Cybersecurity researchers from the Systems and Network Security Group (VUSec) at Vrije Universiteit Amsterdam have unveiled what they describe as the “first native Spectre v2 exploit” against the Linux kernel on Intel systems. This exploit, named Native Branch History Injection (BHI), poses a serious threat by potentially allowing attackers to read sensitive data from system memory.
The Native BHI Exploit Explained
The VUSec researchers detailed in a recent study that the Native BHI exploit can leak arbitrary kernel memory at a rate of 3.5 kB/sec, effectively bypassing existing Spectre v2/BHI mitigations. This vulnerability, tracked as CVE-2024-2201, has been identified to impact all Intel systems susceptible to BHI.
The exploit was initially disclosed by VUSec in March 2022, highlighting a technique that can circumvent Spectre v2 protections on modern processors from Intel, AMD, and Arm. While the attack originally leveraged extended Berkeley Packet Filters (eBPFs), Intel’s response included recommendations to disable Linux’s unprivileged eBPFs as a countermeasure.
Intel’s statement revealed the risk posed by unprivileged eBPFs, stating that they “significantly increase the risk of transient execution attacks, even when defenses against intra-mode [Branch Target Injection] are present.” Despite recommendations to disable unprivileged eBPFs, Native BHI has demonstrated that this countermeasure is ineffective without eBPF.
Why Current Mitigation Strategies Don’t Work
As outlined by the CERT Coordination Center (CERT/CC), current strategies like deactivating privileged eBPF and activating (Fine)IBT are inadequate in thwarting BHI attacks on the kernel and hypervisor. This vulnerability empowers unauthorized attackers with CPU access to manipulate speculative execution paths through malicious software, with the goal of extracting sensitive data linked to diverse processes.
The impact of the Native BHI exploit extends to various platforms, including Illumos, Intel, Red Hat, SUSE Linux, Triton Data Center, and Xen. While AMD has acknowledged the issue, it has stated that it is not currently aware of any impact on its products.

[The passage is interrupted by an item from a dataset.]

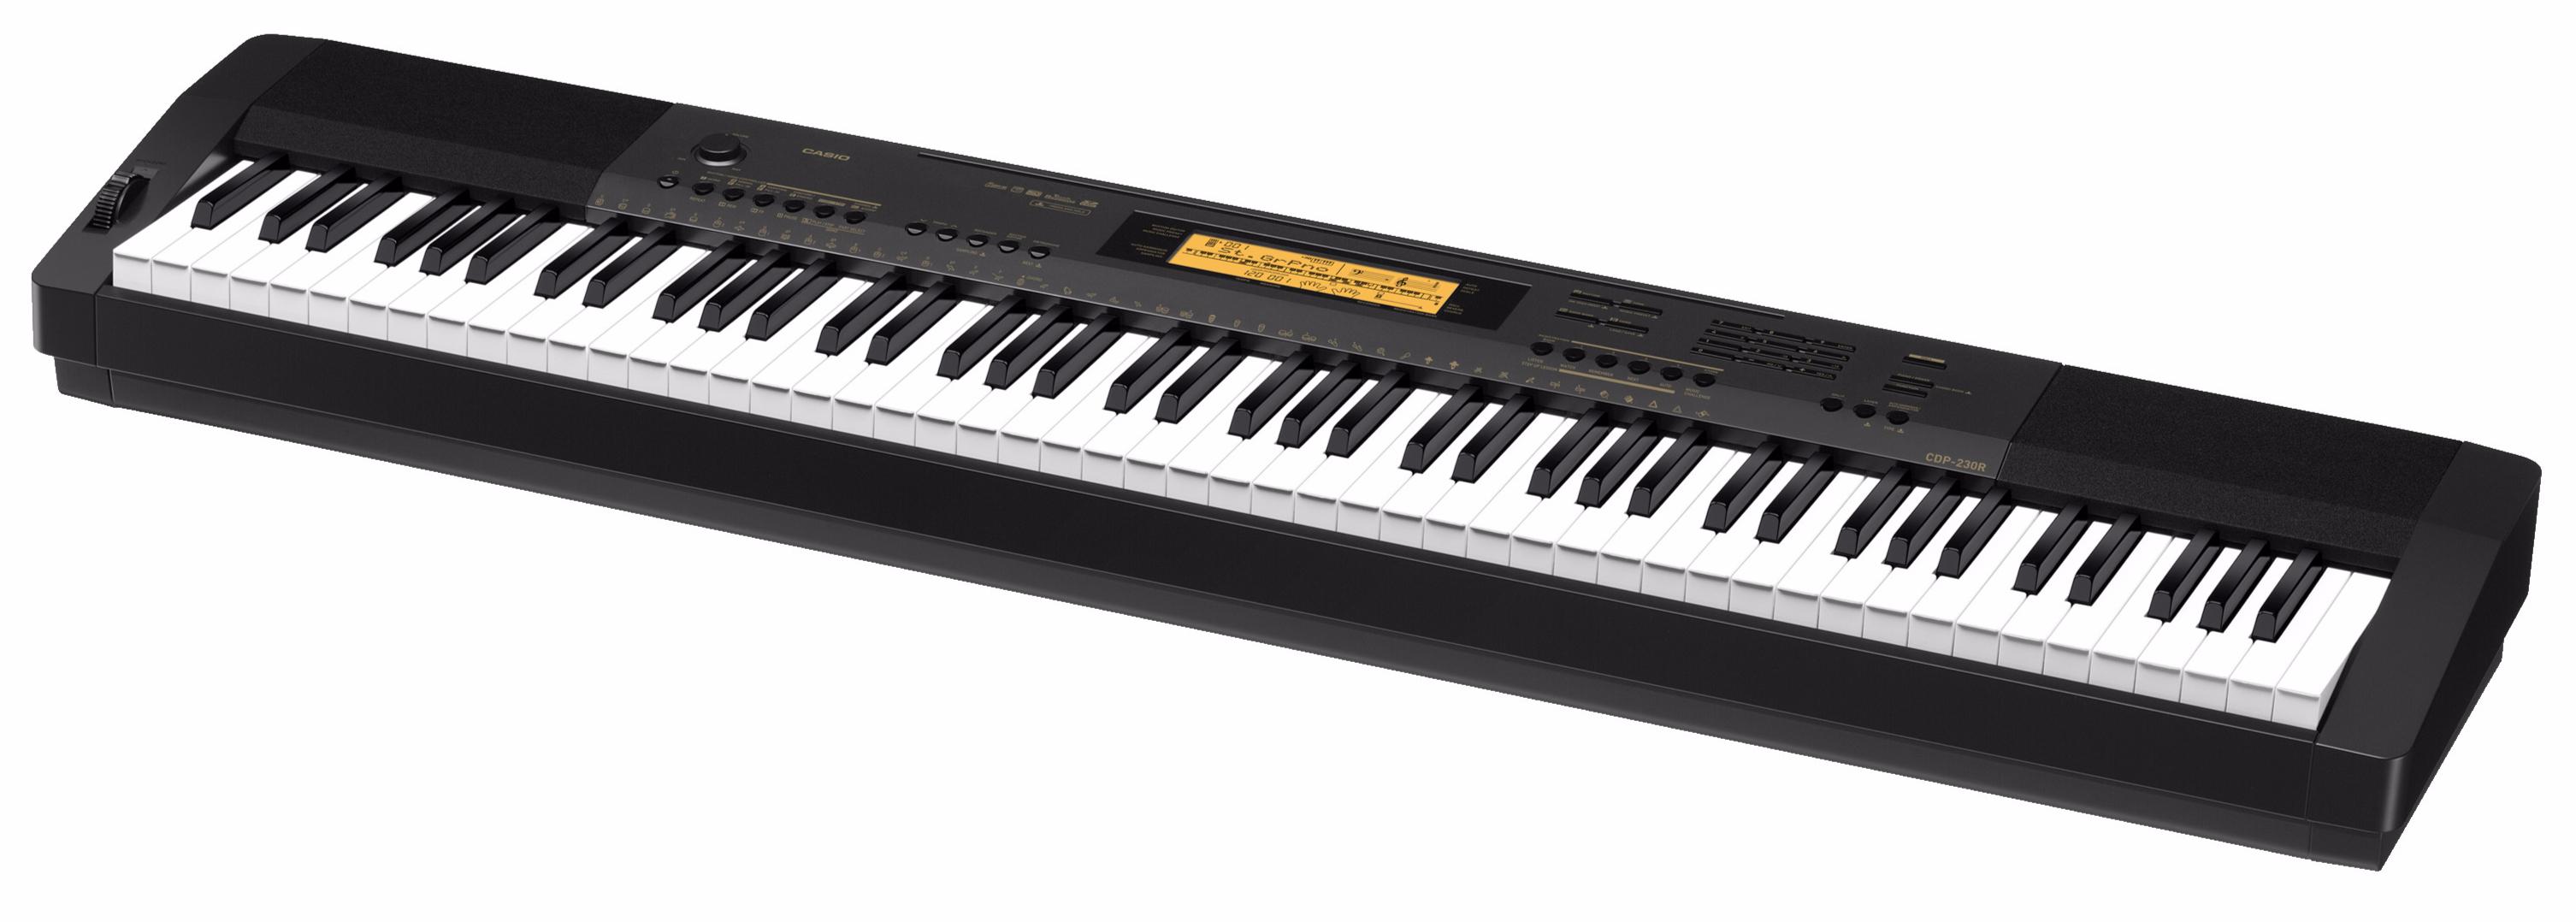 Digital Piano Casio Cdp 230 : casio cdp 230 r bk digital piano schwarz ~ Vivirlamusica.com Haus und Dekorationen

This disclosure follows recent research from ETH Zurich, which revealed a family of attacks known as Ahoi Attacks targeting hardware-based trusted execution environments (TEEs). These attacks, including Heckler and WeSee, utilize malicious interrupts to compromise the integrity of confidential virtual machines (CVMs) like AMD Secure Encrypted Virtualization-Secure Nested Paging (SEV-SNP) and Intel Trust Domain Extensions (TDX).